Patients with chest pain and undetectable high-sensitivity cardiac troponin T (hs-cTnT) in the emergency department (ED) have a low short-term risk of cardiovascular events, but the frequency of ED revisits in this group is unknown. This study investigated the associations between disposable income and risk of ED revisits in patients with chest pain and undetectable hs-cTnT.

Methods

All first visits to 7 EDs in Sweden from 2010 to 2017 by patients with chest pain and hs-cTnT <5 ng/l were included. Incidence rate ratios (IRR) were calculated to estimate the ED revisit risk in relation to disposable income according to data obtained from Swedish government agencies (Statistics Sweden).

Results

Altogether, 61,539 patients with a first ED visit were included, in whom 126,650 revisits occurred.
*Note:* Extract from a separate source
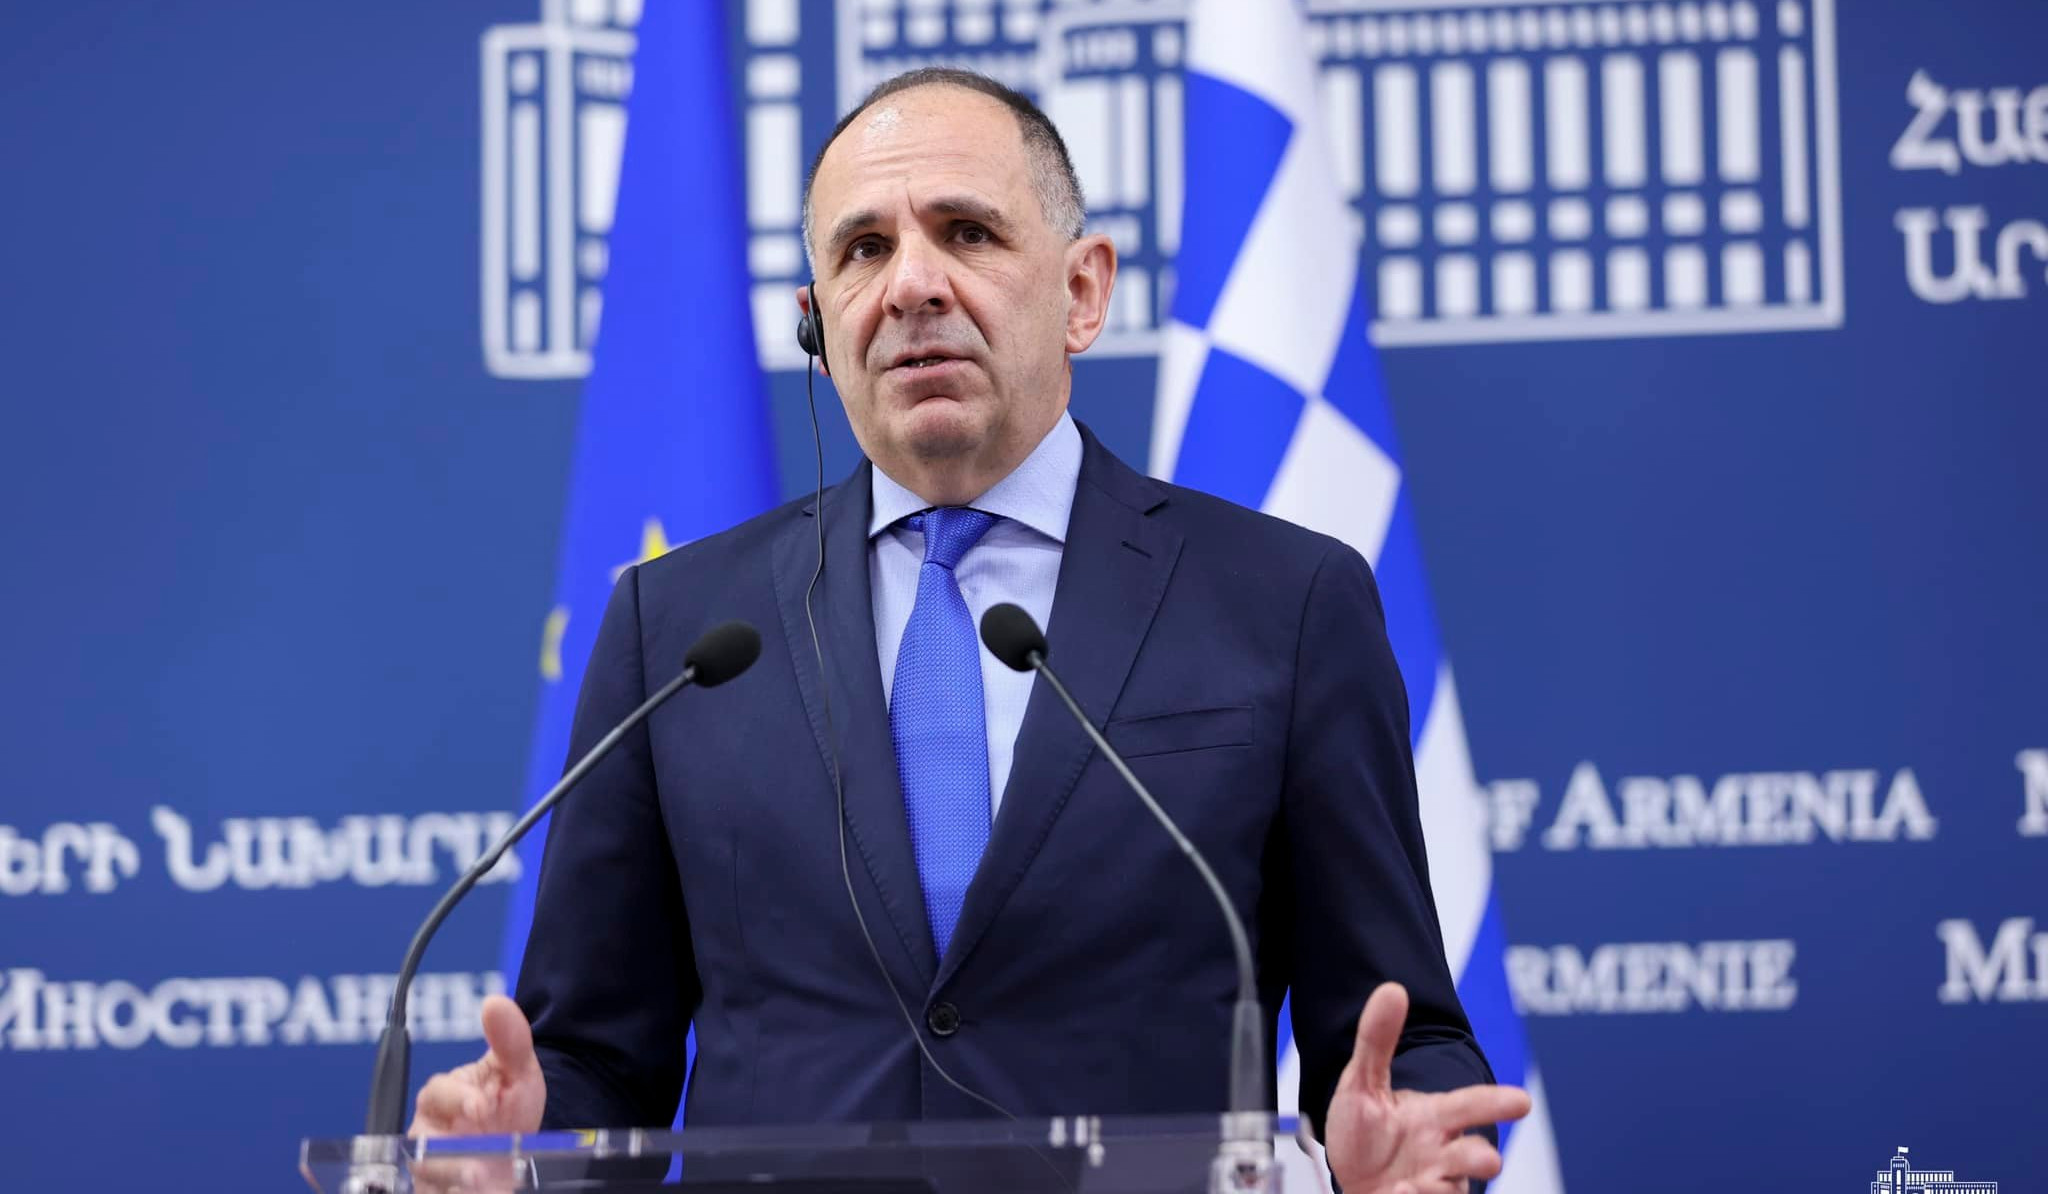 It is important to help our friendly and ally country on all international platforms: statement of Greek Foreign Minister after visit to Armenia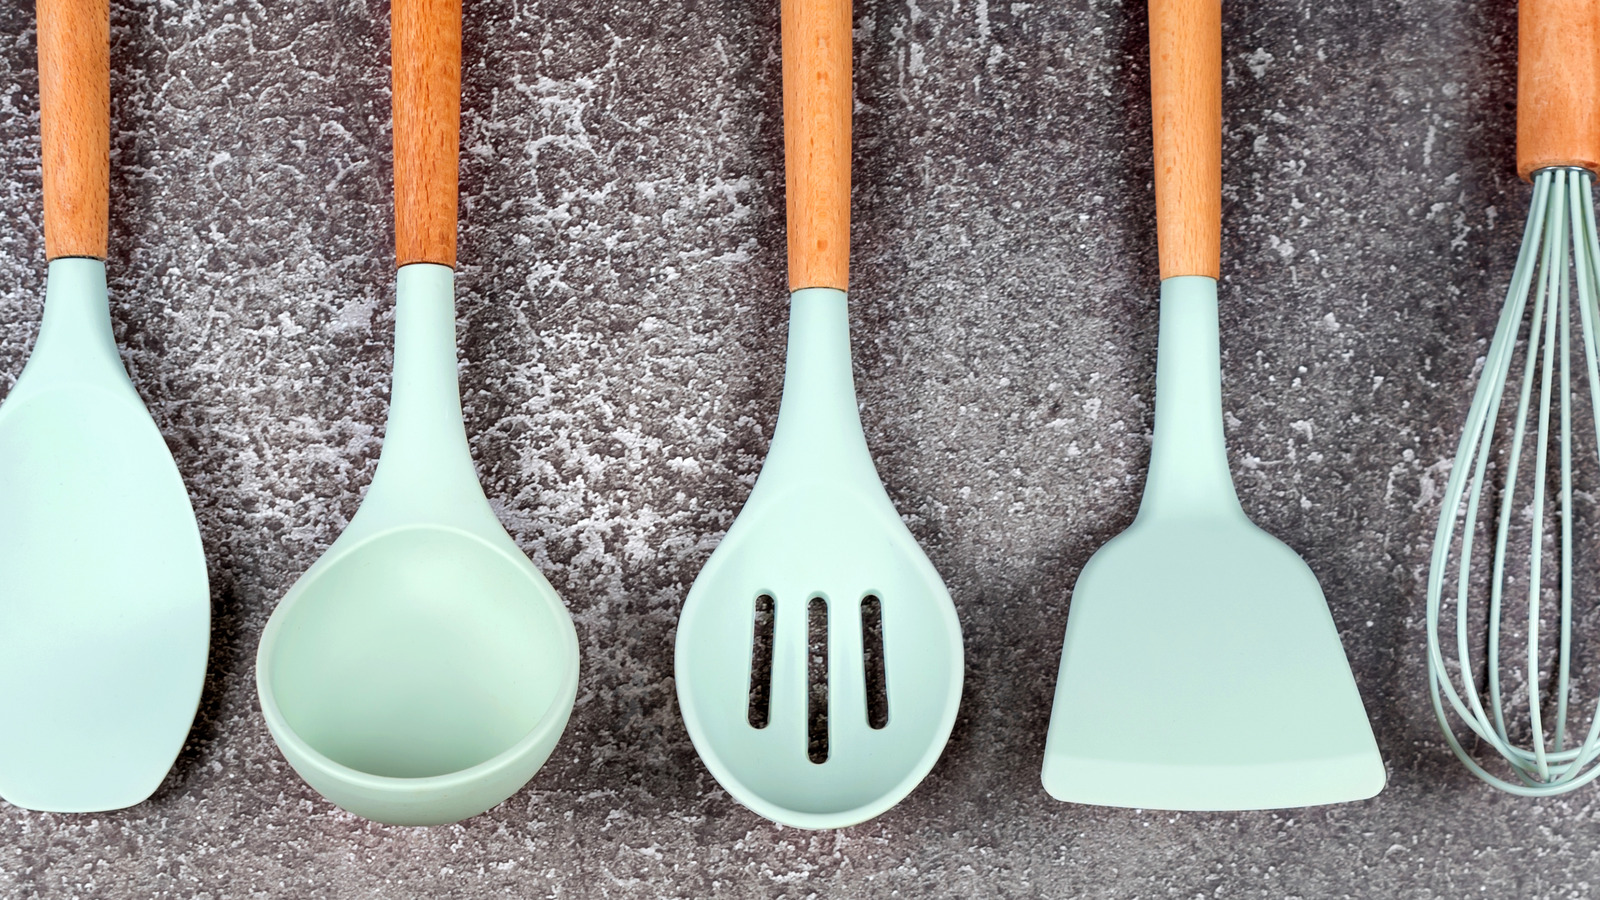 What Makes High-Heat Spatulas A Must-Have Cooking Tool

The adjusted 30-day risk of a revisit was 1.3- (IRR 1.32, 95% CI: 1.23-1.42) and 1.5-fold (IRR 1.50, 95% CI: 1.40-1.60), and for any revisit during the follow-up 1.6- (IRR 1.63, 95% CI: 1.59-1.66) and 1.8-fold (IRR 1.78, 95% CI: 1.72-1.79), in patients with middle-low and low versus high income, respectively. During a median follow-up of 6.8 years, 1714 (2.8%) deaths occurred, and the adjusted cumulative incidence of major adverse cardiovascular events at 1 and 5 years was only 0.3% (95% CI: 0.2-0.4) and 1.1% (95% CI: 0.8-1.4) higher in patients with the lowest versus highest income levels.

Conclusions

Disposable income level is inversely associated with the risk of ED revisits among patients presenting with chest pain and undetectable hs-cTnT, in whom cardiovascular risks are low.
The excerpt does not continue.